• _Supplied material_
◆ ◆ ◆ ◆ ◆ ◆ ◆

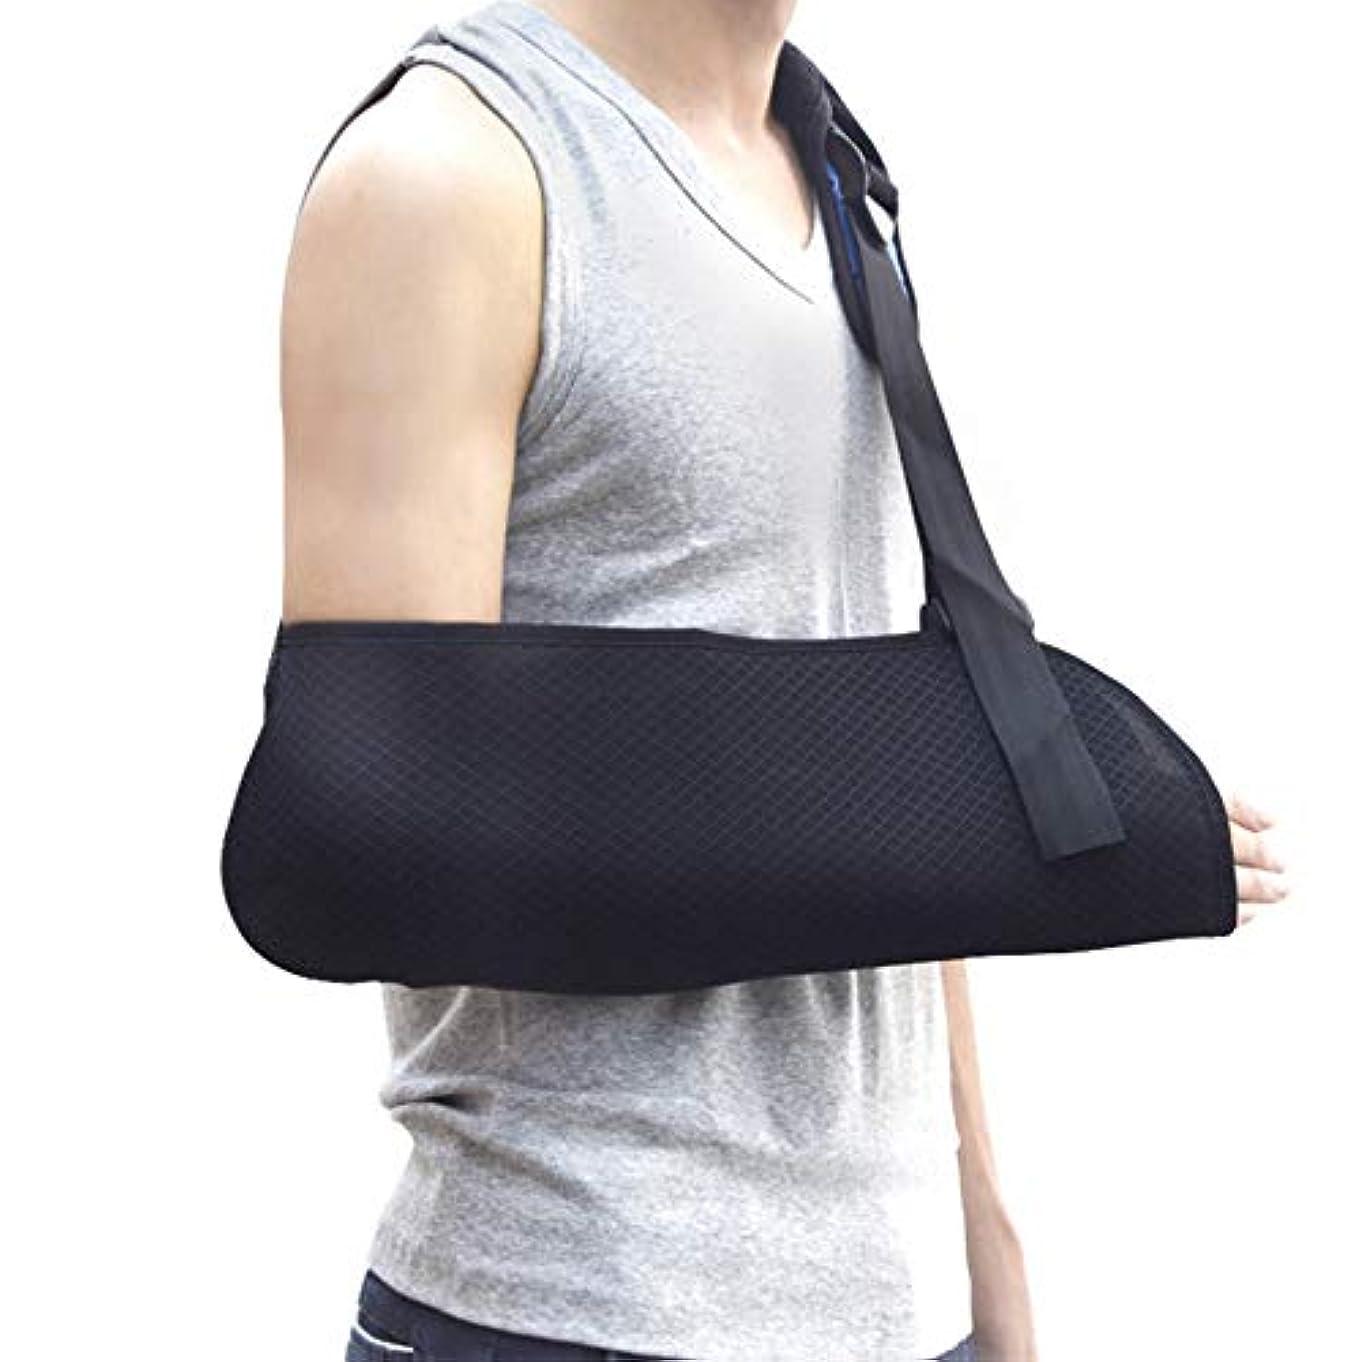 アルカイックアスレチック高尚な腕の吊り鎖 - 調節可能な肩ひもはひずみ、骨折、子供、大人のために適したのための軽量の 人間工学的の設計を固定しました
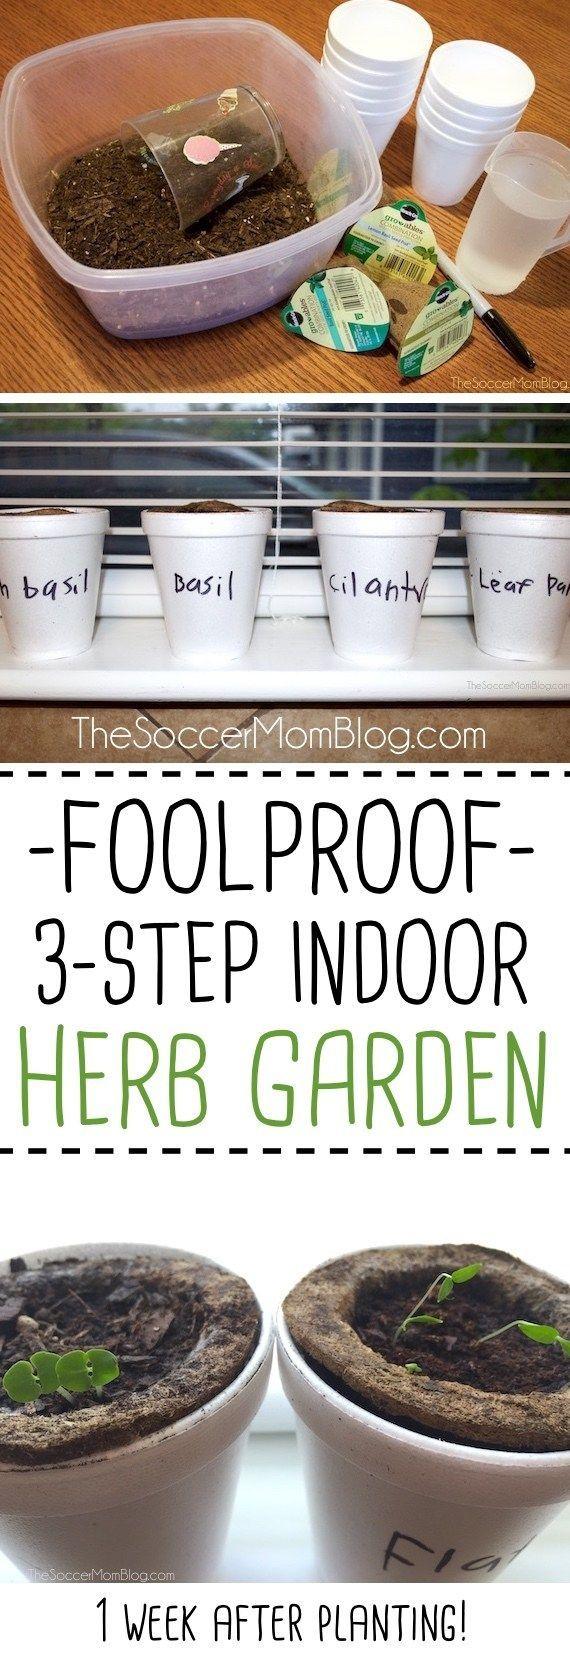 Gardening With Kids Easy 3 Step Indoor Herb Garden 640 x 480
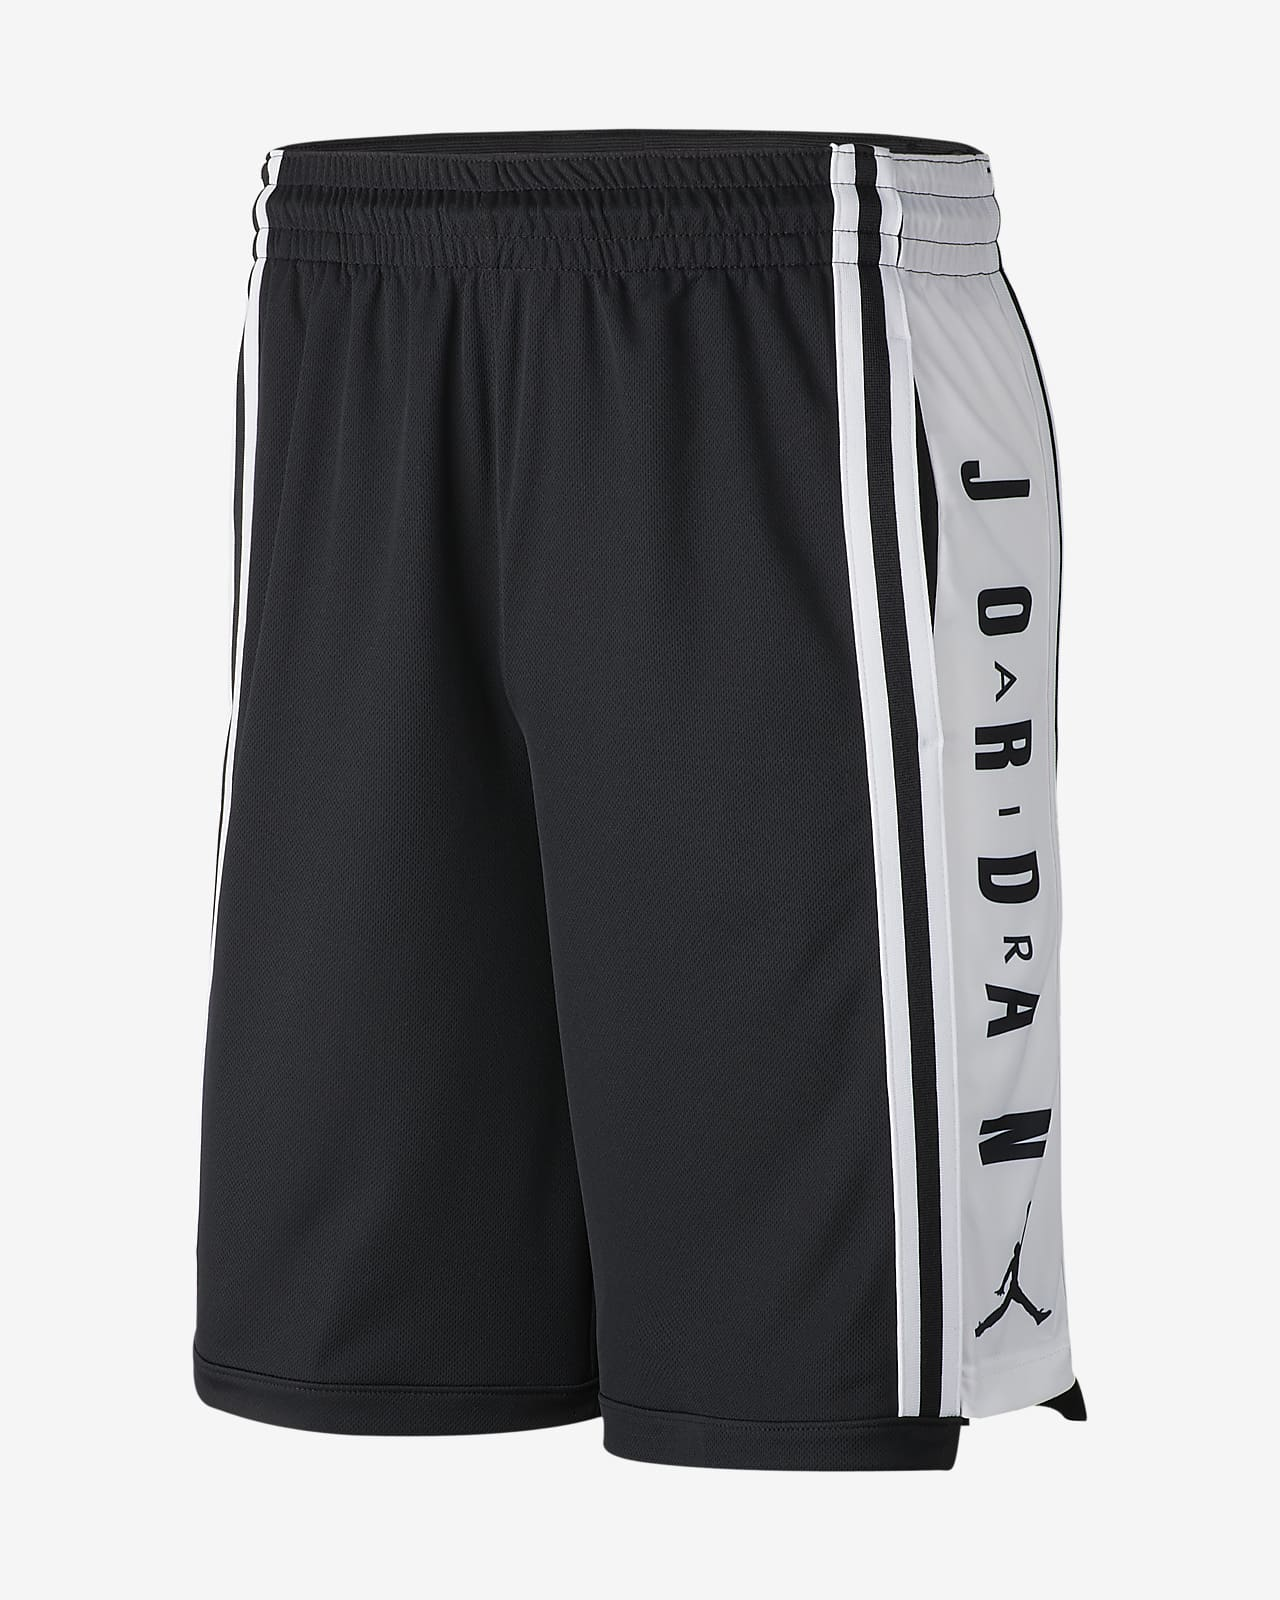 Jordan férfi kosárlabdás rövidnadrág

◆ ◆ ◆ ◆ ◆ ◆ ◆

• _Try it_
Omit every picture, then repeat the remaining data exactly as it appears above.

• _Exercise answer_
 アルカイックアスレチック高尚な腕の吊り鎖 - 調節可能な肩ひもはひずみ、骨折、子供、大人のために適したのための軽量の 人間工学的の設計を固定しました
 Gardening With Kids Easy 3 Step Indoor Herb Garden 640 x 480
 Jordan férfi kosárlabdás rövidnadrág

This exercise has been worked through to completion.